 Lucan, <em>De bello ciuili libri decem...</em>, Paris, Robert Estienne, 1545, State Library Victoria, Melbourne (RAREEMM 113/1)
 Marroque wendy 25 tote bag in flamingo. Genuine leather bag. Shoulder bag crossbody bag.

...

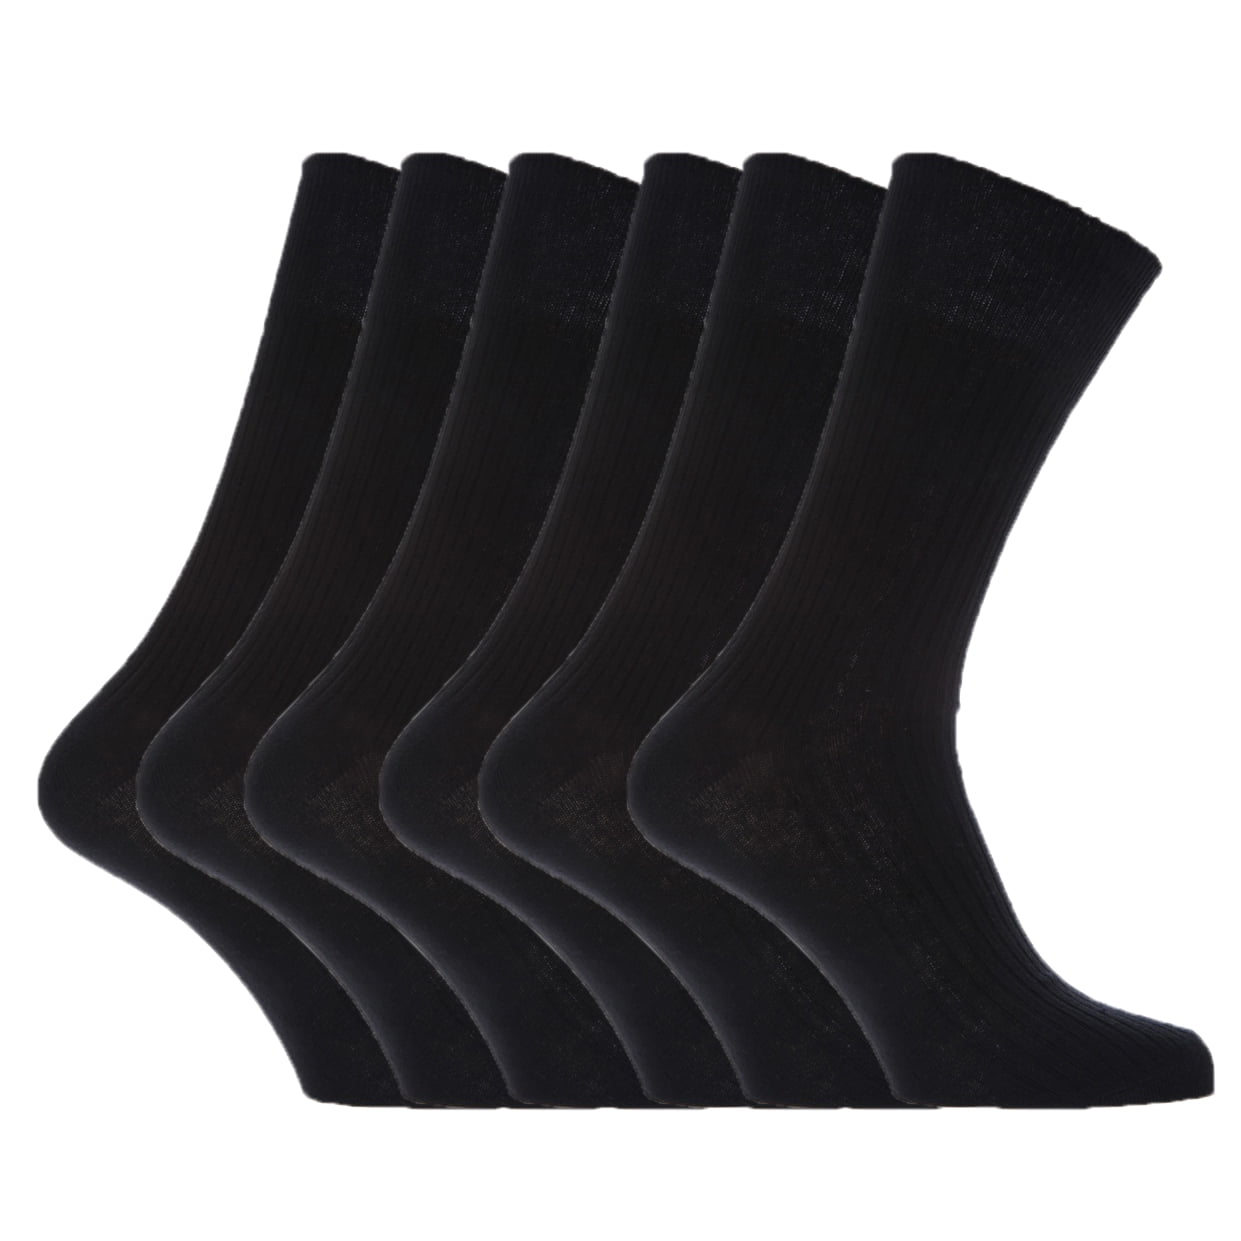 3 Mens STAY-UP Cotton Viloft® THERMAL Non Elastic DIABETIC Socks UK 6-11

§ YOUR ASSIGNMENT:
Taking the listing above as the source, transcribe only the lines starting at the line with "Lucan, <em>De bello" and going through the line with "Marroque wendy 25", unaltered and with both ends included.

§ OUTPUT FOR THIS EXERCISE:
 Lucan, <em>De bello ciuili libri decem...</em>, Paris, Robert Estienne, 1545, State Library Victoria, Melbourne (RAREEMM 113/1)
 Marroque wendy 25 tote bag in flamingo. Genuine leather bag. Shoulder bag crossbody bag.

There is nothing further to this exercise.